Last synced: about 1 month ago
JSON representation

Artificial Intelligence for Postgres

Awesome Lists containing this project

README

        


# pgai

pgai brings AI workflows to your PostgreSQL database

[![Discord](https://img.shields.io/badge/Join_us_on_Discord-black?style=for-the-badge&logo=discord&logoColor=white)](https://discord.gg/KRdHVXAmkp)
[![Try Timescale for free](https://img.shields.io/badge/Try_Timescale_for_free-black?style=for-the-badge&logo=timescale&logoColor=white)](https://tsdb.co/gh-pgai-signup)

pgai simplifies the process of building [search](https://en.wikipedia.org/wiki/Similarity_search), and
[Retrieval Augmented Generation](https://en.wikipedia.org/wiki/Prompt_engineering#Retrieval-augmented_generation) (RAG) AI applications with PostgreSQL.

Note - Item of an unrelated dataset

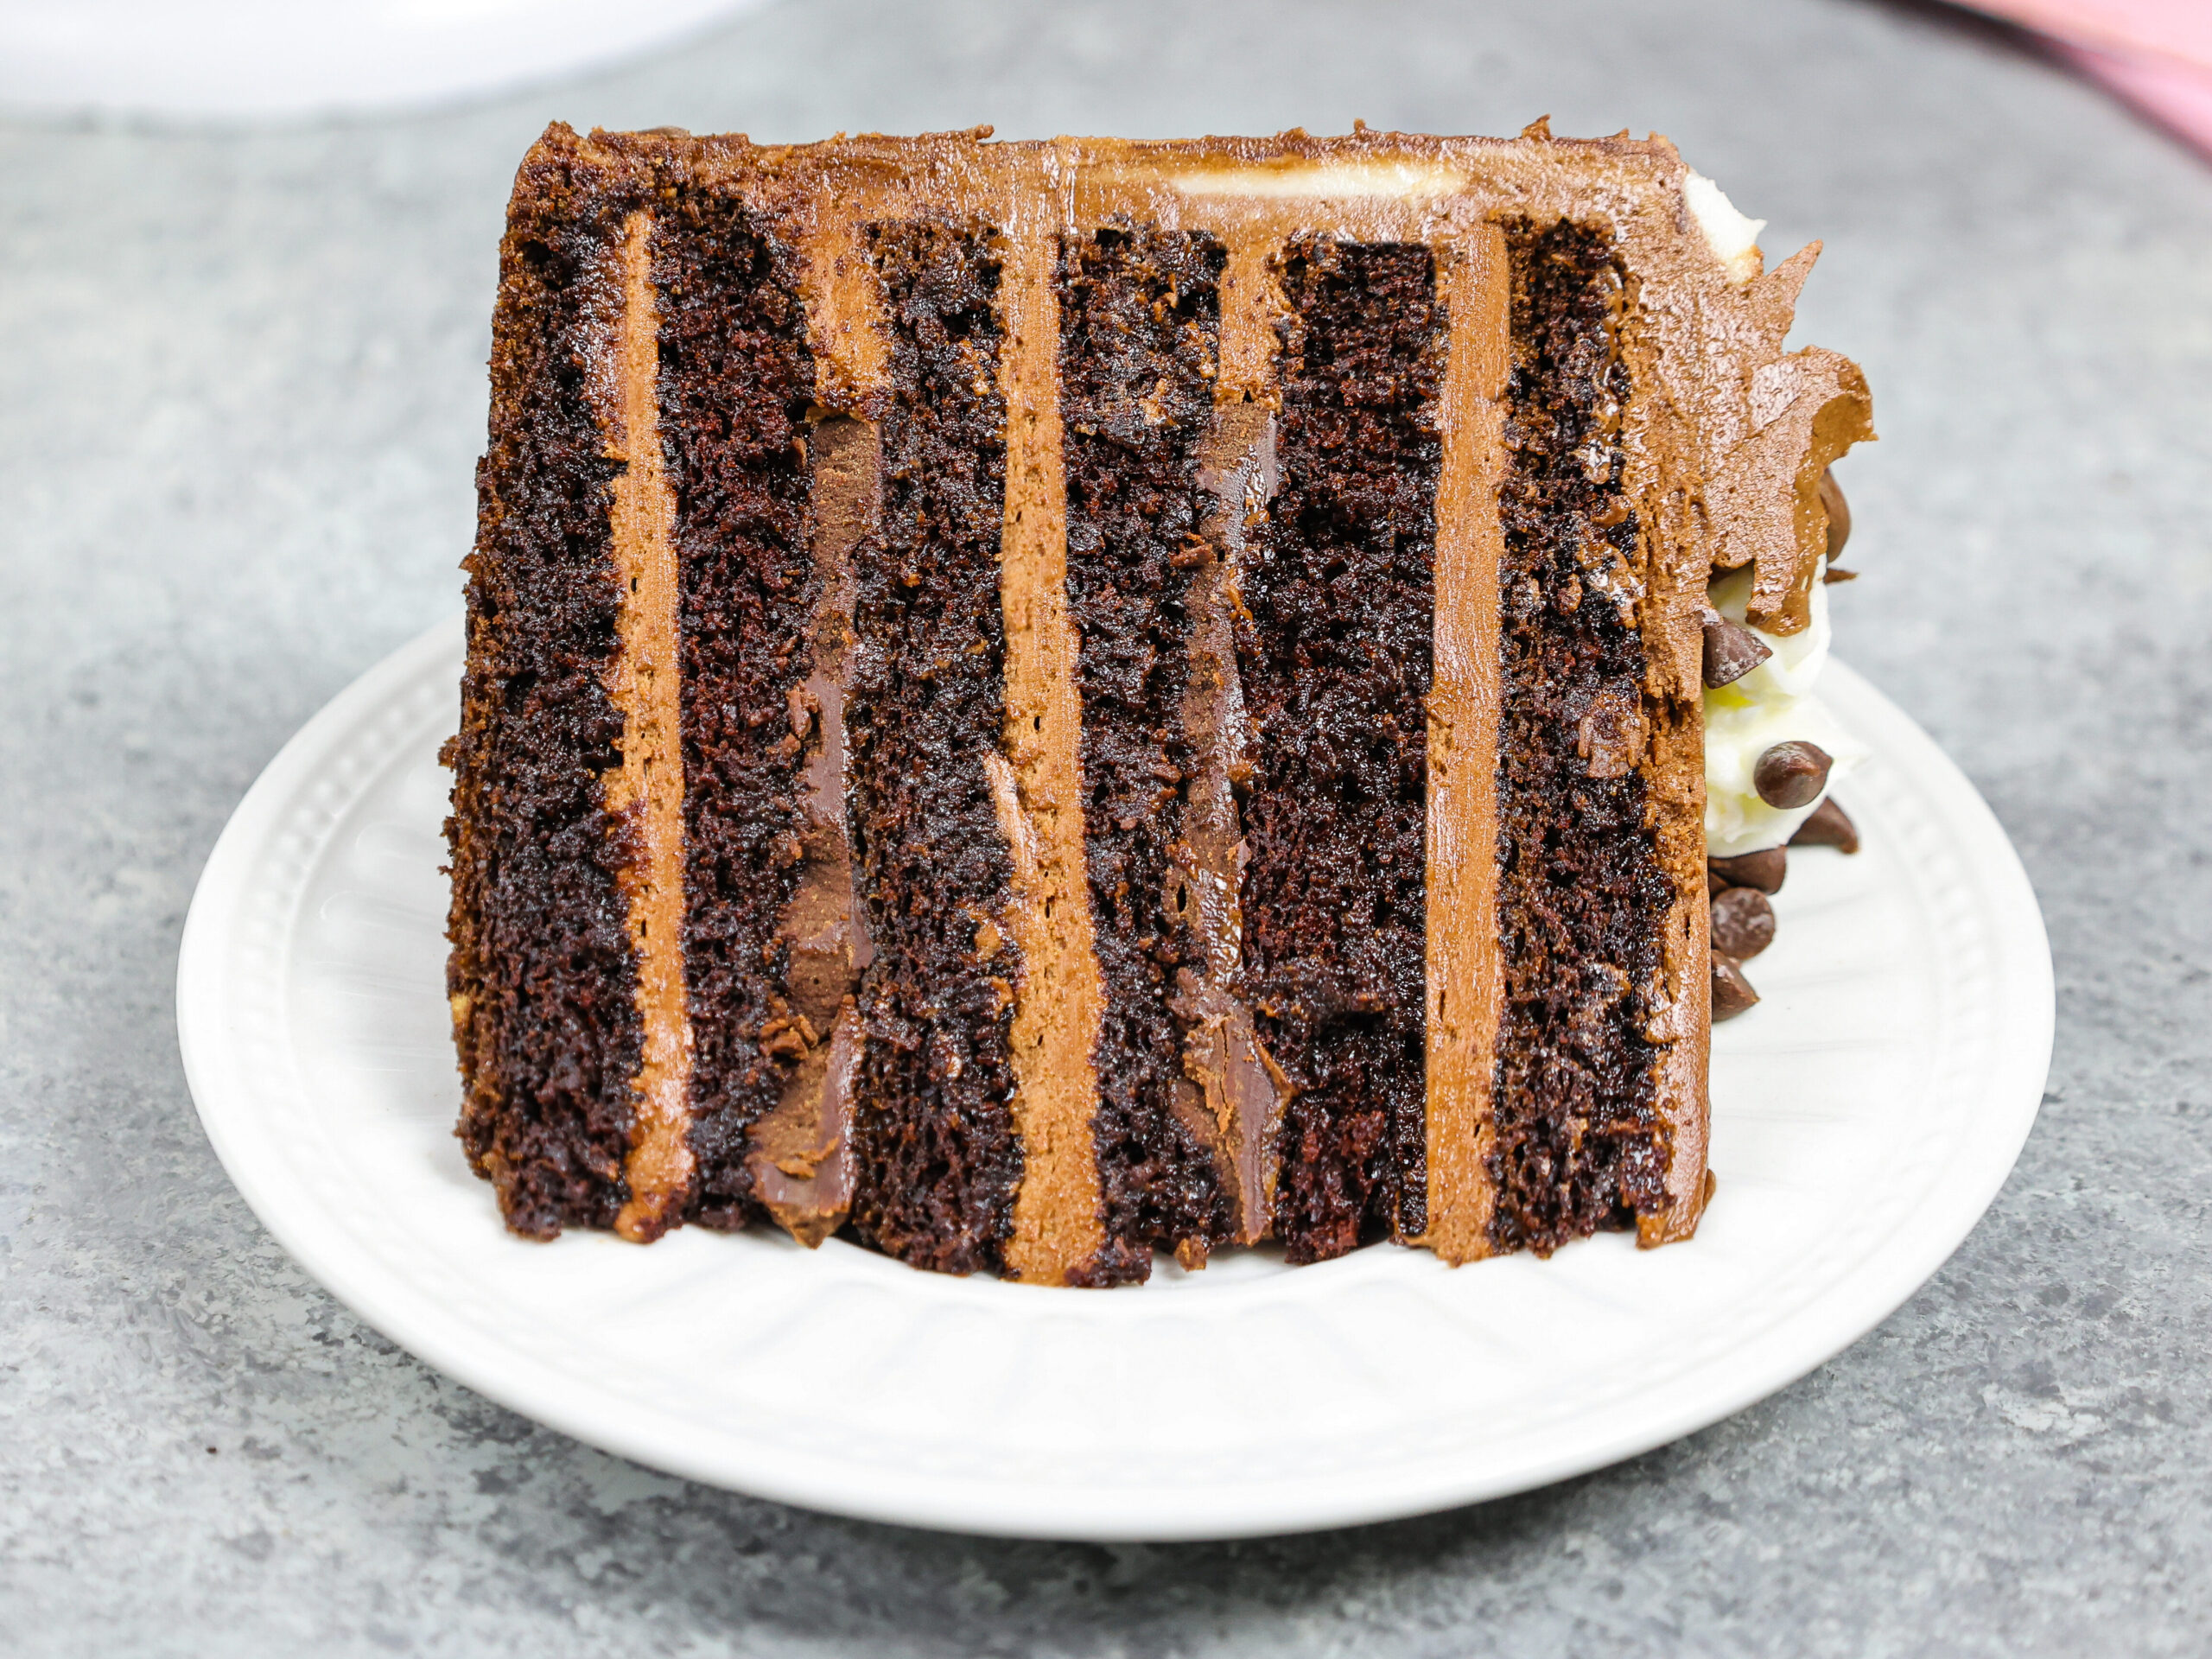 image of a triple chocolate cake slice that's filled with milk chocolate buttercream and dark chocolate ganache, and soaked with chocolate simple syrup
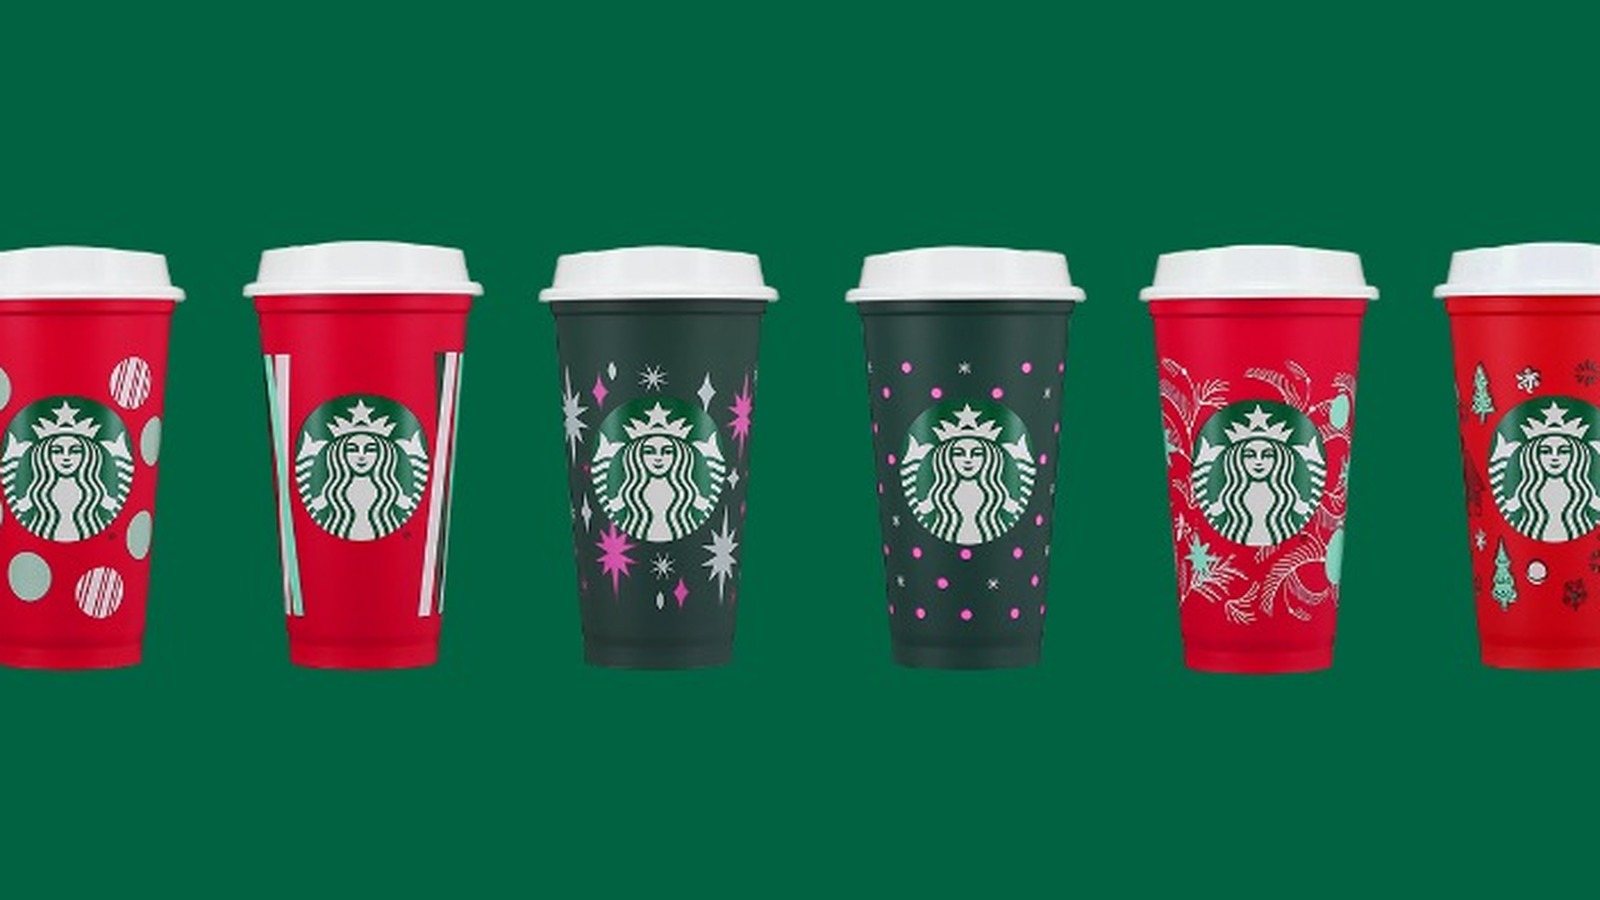 https://www.tastingtable.com/img/gallery/starbucks-2022-holiday-cup-lineup-features-some-eye-catching-designs/l-intro-1666121489.jpg

pgai brings embedding and generation AI models closer to the database. With pgai, you can now do the following directly from within PostgreSQL in a SQL query:

* Create vector [embeddings](#embed) for your data.
* Retrieve LLM [chat completions](#chat-complete) from models like Claude Sonnet 3.5, OpenAI GPT4o, Cohere Command, and Llama 3 (via Ollama).
* Reason over your data and facilitate use cases like [classification, summarization, and data enrichment](docs/advanced.md) on your existing relational data in PostgreSQL.

Here's how to get started with pgai:

* **Everyone**: Use pgai in your PostgreSQL database.
1. [Install pgai](#installation).
1. Use pgai to integrate AI from your provider:
* [Ollama](./docs/ollama.md) - configure pgai for Ollama, then use the model to embed, chat complete and generate.
* [OpenAI](./docs/openai.md) - configure pgai for OpenAI, then use the model to tokenize, embed, chat complete and moderate. This page also includes advanced examples.
* [Anthropic](./docs/anthropic.md) - configure pgai for Anthropic, then use the model to generate content.
* [Cohere](./docs/cohere.md) - configure pgai for Cohere, then use the model to tokenize, embed, chat complete, classify, and rerank.
* **Extension contributor**: Contribute to pgai and improve the project.
* [Develop and test changes to the pgai extension](./DEVELOPMENT.md).
* See the [Issues tab](https://github.com/timescale/pgai/issues) for a list of feature ideas to contribute.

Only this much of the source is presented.